New here.Been lurking for a while...So yesterday was looking on CL and stumbled across a 5 month old REGISTERED Lamancha for 150.00..I picked her up today.She is so beautiful and sweet.Her mother was a very pretty doe and she had a beautiful sister also (not for sale or I might have brought home 2 goats).I added her to the goat pen with my 6 month old ND doe and 4 month old ND wether.She immediatly established herself as the queen.After about 5 minutes all was cool.Been out to check on her 3 times.Can't stay away.Anyway just wanted to let everyone know.Sure I will be asking for help occasionally as I am new with goats .Thanks, Mike


----------



## Straw Hat Kikos (Oct 13, 2012)

- From the Great State of North Carolina!!


Glad we have a lurker that got some sense. haha It's much better here than lurking and you'll find that out real soon!! 
Congrats on your new doe and I bet you'll like the La Mancha breed.


----------



## Alice Acres (Oct 13, 2012)

Congrats - and welcome!!

 .....from Minnesota!


----------



## bonbean01 (Oct 13, 2012)

Welcome bigmike!


----------



## Pearce Pastures (Oct 13, 2012)




----------



## ksalvagno (Oct 13, 2012)

As soon as you hit 10 posts you will have to post pictures of your goats!


----------



## Southern by choice (Oct 13, 2012)

from North Carolina

Hooray!!! I love my lamancha too, but she is bit of a brat! ND too! Can't wait for pictures.


----------



## cybercat (Oct 14, 2012)

from Tn


----------



## GoatCrazyLady (Oct 14, 2012)

Congrats and welcome!

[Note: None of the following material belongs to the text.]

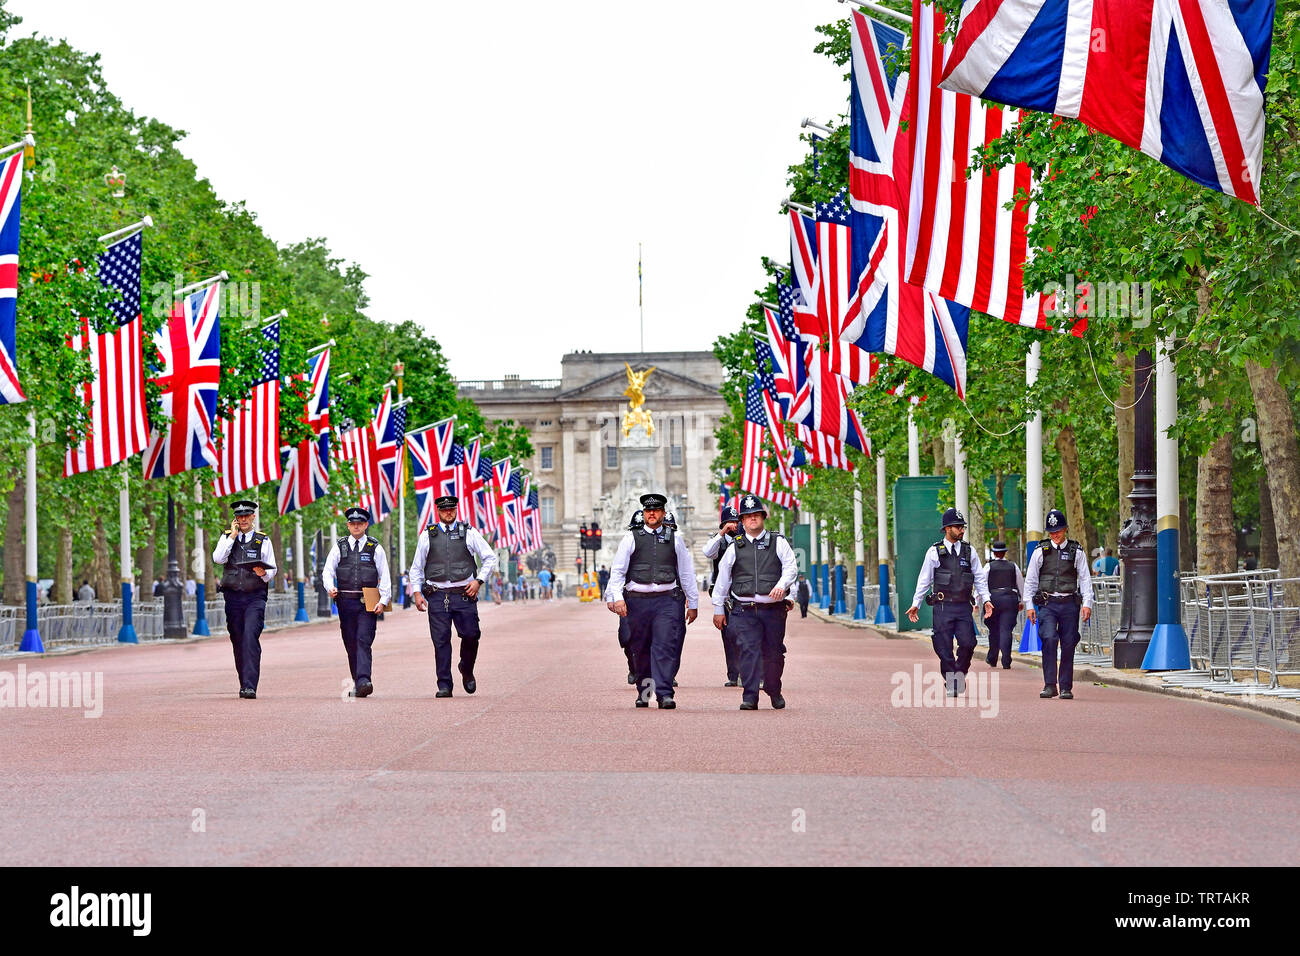 London, England, UK. Metropolitan Police officers on duty around The Mall during Donald Trump's State Visit, 3rd June 2019 Stock Photo

Would love to see pics of all your babies


----------



## CTChick (Oct 14, 2012)

Please post pictures - and welcome from Connecticut!  Laura


----------



## bigmike (Oct 14, 2012)

Thanks everyone.Got home from the grocery store today and the little stinkers had escaped from the small pen I had them in into the big fenced area that I was going to let them out into once everyone had adjusted to being here.The reason I had them in there was that when I got my ND doeling she kept escaping and running off.I think I fixed her escape route.They were all out in the large pen browsing and playing when we drove up.Cupcake (my new Lamancha) started crying once she saw us.She has been rather loud but I am sure she misses her mom and the rest of her old herd.The DW and I went out and checked on them and spent a little time in the pen with them. Am going to leave them out in the large pen and just leave the small open so they can go in and out .That is where their food and water is and access to the goat barn.There is plenty of browse and room.I think the space and exercise will be good for them.As long as they stay in the pen I will leave them out.......Mike


----------



## Southern by choice (Oct 14, 2012)

ok big mike, you need to look around on the forum and post! so once you get to 10 post you can SHOW US SOME PICTURES!!!!

Many of us on here are goat picture junkies!


----------



## SkyWarrior (Oct 16, 2012)

I love my LaManchas.  They're awesome!


----------